11 September, 2007

The Wow

As I look at the state of contemporary architecture through the lens of orthodox rather than evangelical thought, I am finding that my ideas of a rigorous modern approach to architecture are beginning to change as well. You have to understand that this has been a bit of a tough pill to swallow; my architectural education was rooted in classic Bauhaus modernism, though in the later years the computer was beginning to introduce a definite post-modern, relativistic bent with all of its blobs and Gehry-isms. Classicism, however, was out of bounds – it just didn’t exist in any meaningful way. It was there to be admired, but never emulated. It was as if architectural precedent began with Corbusier, anything before that was neatly contained in the history classroom and wasn’t to be unleashed in studio. With that background, I began to take a hard look at contemporary church architecture and made a realization…modernism forgot to bring The Wow.

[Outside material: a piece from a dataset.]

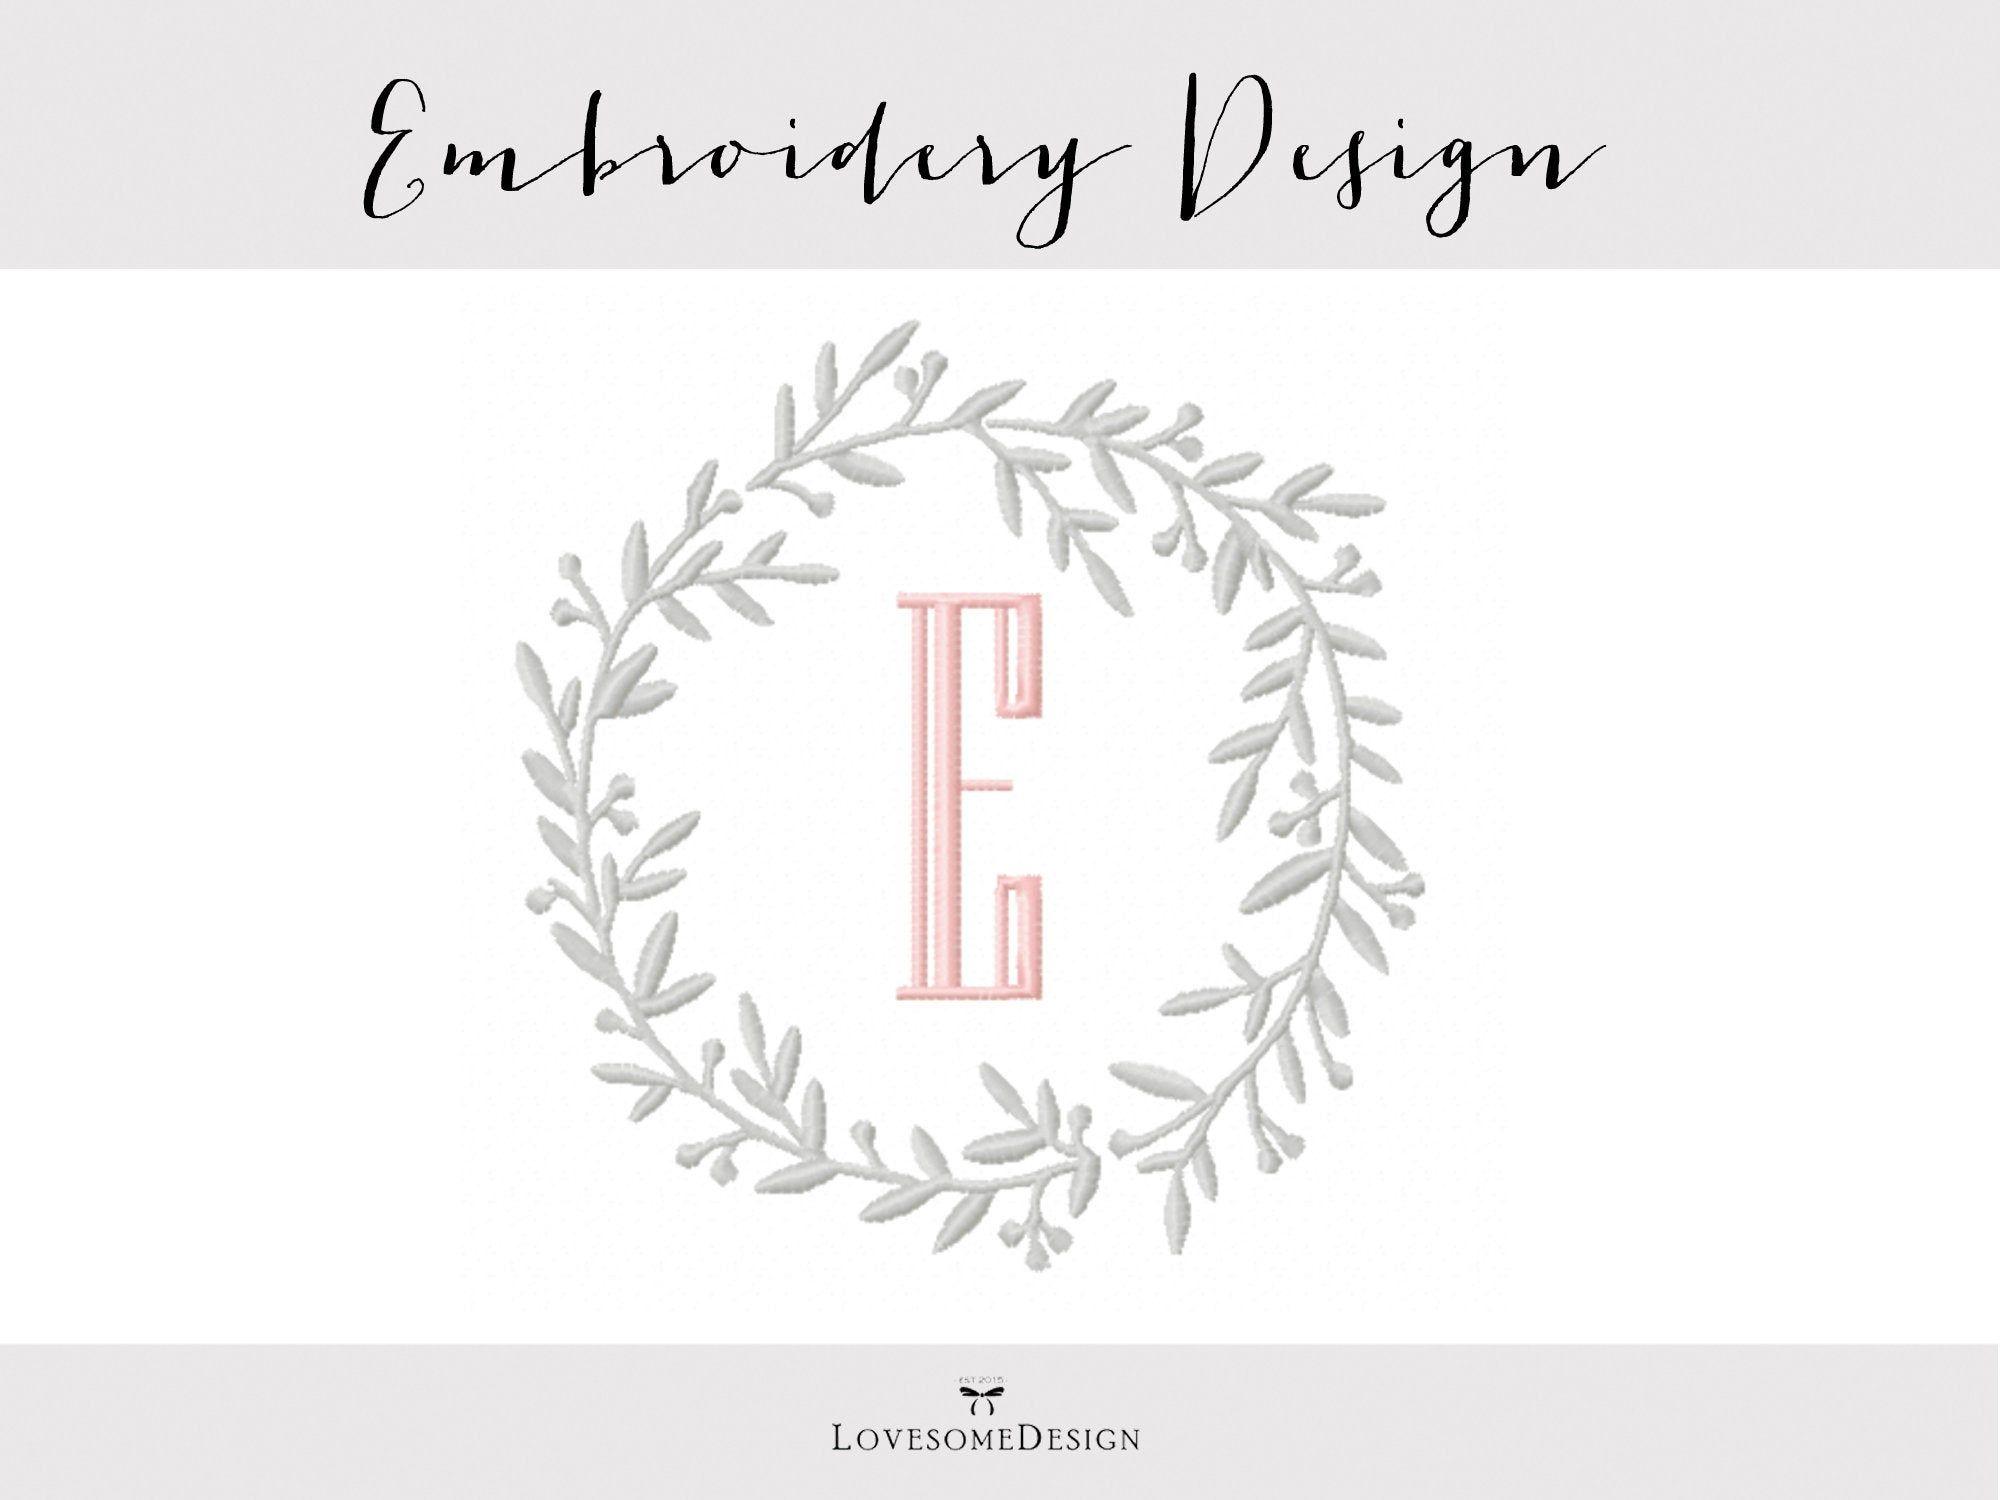 Photo of Vine Wreath Embroidery Design Four Sizes, Modern Embroidery Design, Wreath Embroidery, Laurel Embroidery Design, Wreath for Monograms
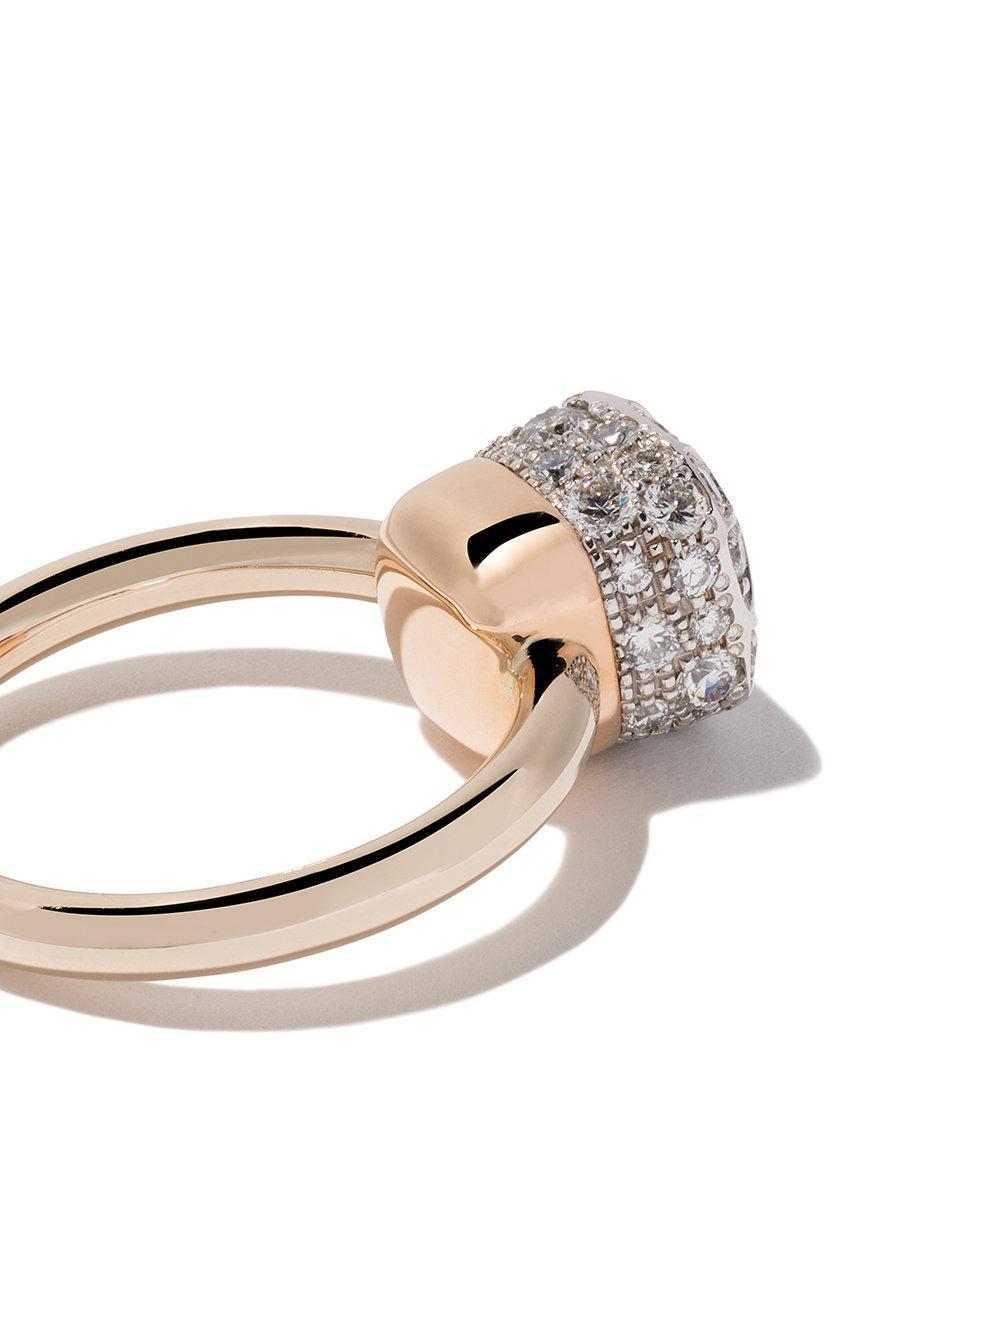 e8d2d4f0c583 Anillo Nudo Solitaire con diamantes en oro rosa 18kt y oro blanco ...

The Wow is admittedly a vague architectural concept, but it’s one I would certainly be fluent in were I involved in designing sacred spaces. Loosely defined, The Wow is the act of unconsciously stopping conversation upon entering a sacred space – often accompanied by a tingling in the spine and goosebumps. While I’m sure there are callous souls out there that will never know the joys of The Wow, I’m sure most people can relate to being in a space that made you just stand silent and realize that life can in fact be transcendent. Interestingly enough, The Wow can also often be experienced at places of supreme natural beauty – Niagara Falls, The Grand Canyon, seeing the Milky Way on a clear night. The bottom line is this: beauty is not always subjective. If you tap into The Truth you unleash The Beauty, because as it was once known: Veritas et Venustas. Truth is Beauty.

Modernism lost The Wow along with its organic link to the past. You can look through architectural history and see the gradual development and evolution of forms, spaces, and ideas – always standing on the shoulders of those who have gone before. But something different happened with Modernism. Faced with a Brave New World and the promise of clear sailing in the machine age, modernism abandoned the ballast of historical precedent and sailed on as if the storms of the barbaric past were left behind. Modernism is utopian; it proposes an untenable ideal that rejects the idea of classic beauty (Truth) precisely because it rejects the idea of classic evil. Then of course post-modernism piled on by proposing many beauties but no truth. Thus the strip mall is beautiful to those who admire the wealth gained by spending as little as possible on as much as possible.

Where does that leave me as I look at contemporary architecture? I am forced to rethink my modernist aesthetics. Notice I didn’t say “reject” my modernist aesthetics, just rethink them. Modernism embraced the Machine Age by abandoning precedent and forging a new path. I need to embrace the Digital Age while restoring precedent and an organic link to human history.
In short: What would Bauhaus be if it brought The Wow?